12 July 2010

Apocalyptica: Little, Big

I've been collecting and reading books on the coming collapse (aka the Long Emergency, end of Civilization, Transapocalypse, or XVI = The Tower).  Most of these are nonfiction and fairly obvious, but send a note if you want titles.  More surprising are fiction and occult titles that address the same issues. 

Little, Big, or The Fairies Parliament is a long fantasy novel by John Crowley published in 1981.  My feeling on reading it is along the lines of : Where have you been all my life?  It's amazing that I missed it, but wonderful because there's so much more to ready by this author.   Little, Big is a sort of family epic focused on an extended family that traffics with Faery.  It's located in a space similar to upstate New York and NYC and covers approximately the 20th Century.  The plot is slow and meditative, with much interior rumination by the characters, and conversations often full of pauses and omitted information. 

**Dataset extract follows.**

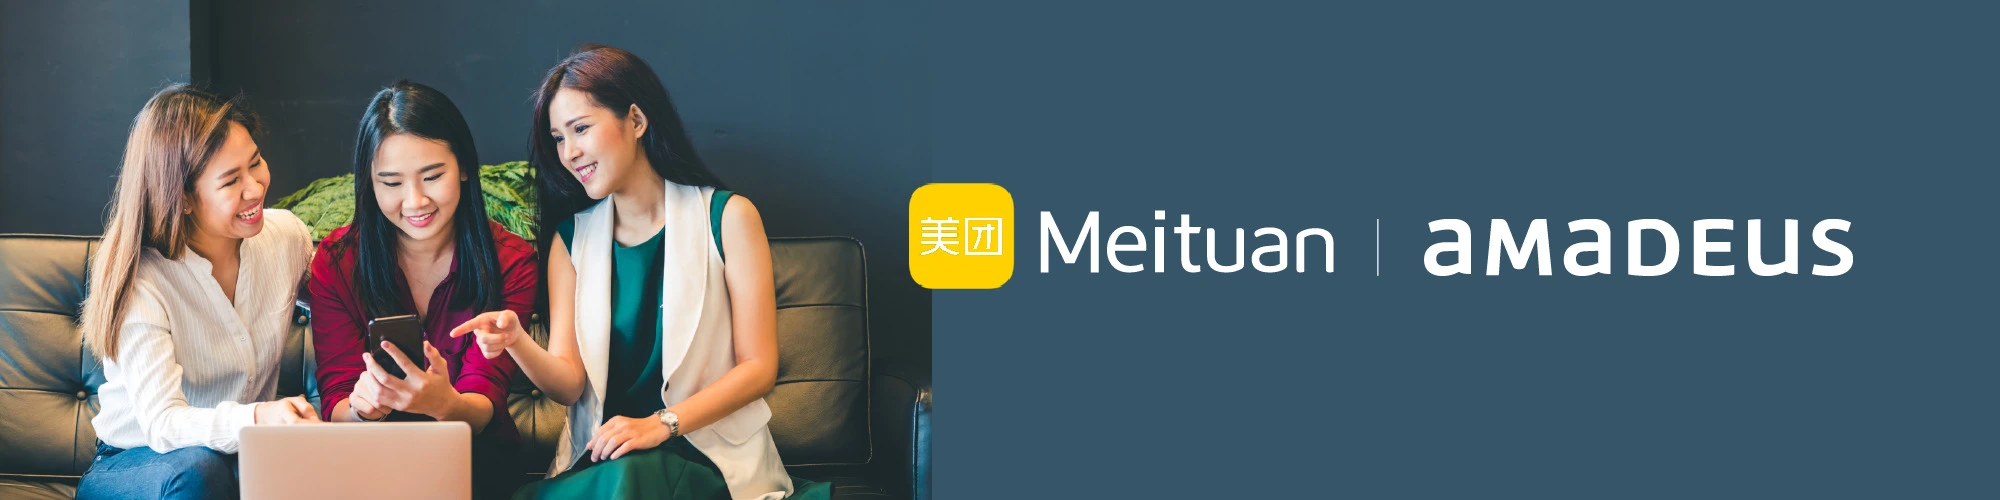 meituan-blog-header

The latter part of the action takes place in a nation that is falling apart, under the sway of an incompetent dictator, a lost medieval Emperor who presides over a collapsing economy, communication grid, and energy systems.  It has nothing to do with the Collapse we now face, but the specific details of life under the Lecturer Eigenblick are all too relevant, like the block of formerly-elegant New York townhouses converted to a small farm , with the facades and front rooms of the buildings encircling the crop rows, and goats housed in the former garden apartments.  A beautiful, transporting book.

Garden Update

This blog was meant to be all about bees and the garden and happy stuff like that, but that line of thought has been a bit derailed by the ongoing Disaster of Macondo and my growing sense that the collapse of civilization is no longer merely optional but is definitely on the menu.

The garden is doing fine, now that we've had some proper sun and heat.  We are eating lovely peas which I can hardly keep up with harvesting, the zucchinni are making their little namesakes, and some of the broccoli looks quite respectable.  Half the tomatoes have the curl-leaf thing going, which doesn't seem to kill them but does slow them down.  Something dreadful happened to a pile of compost I made last year and it ended up dry and not very broken down, and full of bugs.  I foolishly piled it on the bed anyway, and now the beans are tortured by ants which nibble on their leaves.  Or something.

This organic gardening is No Joke.  Children, don't fall asleep during compost class; you'll be needing that information.

The poppies and pea flower are looking especially fabulous in various shades of purple and red.  I am a fool for poppies and let them grow in the beds even where they fight with vegetables -- the rainbow chard is over shadowed by a crowd of poppies about the bloom -- apparently I prefer the poppies.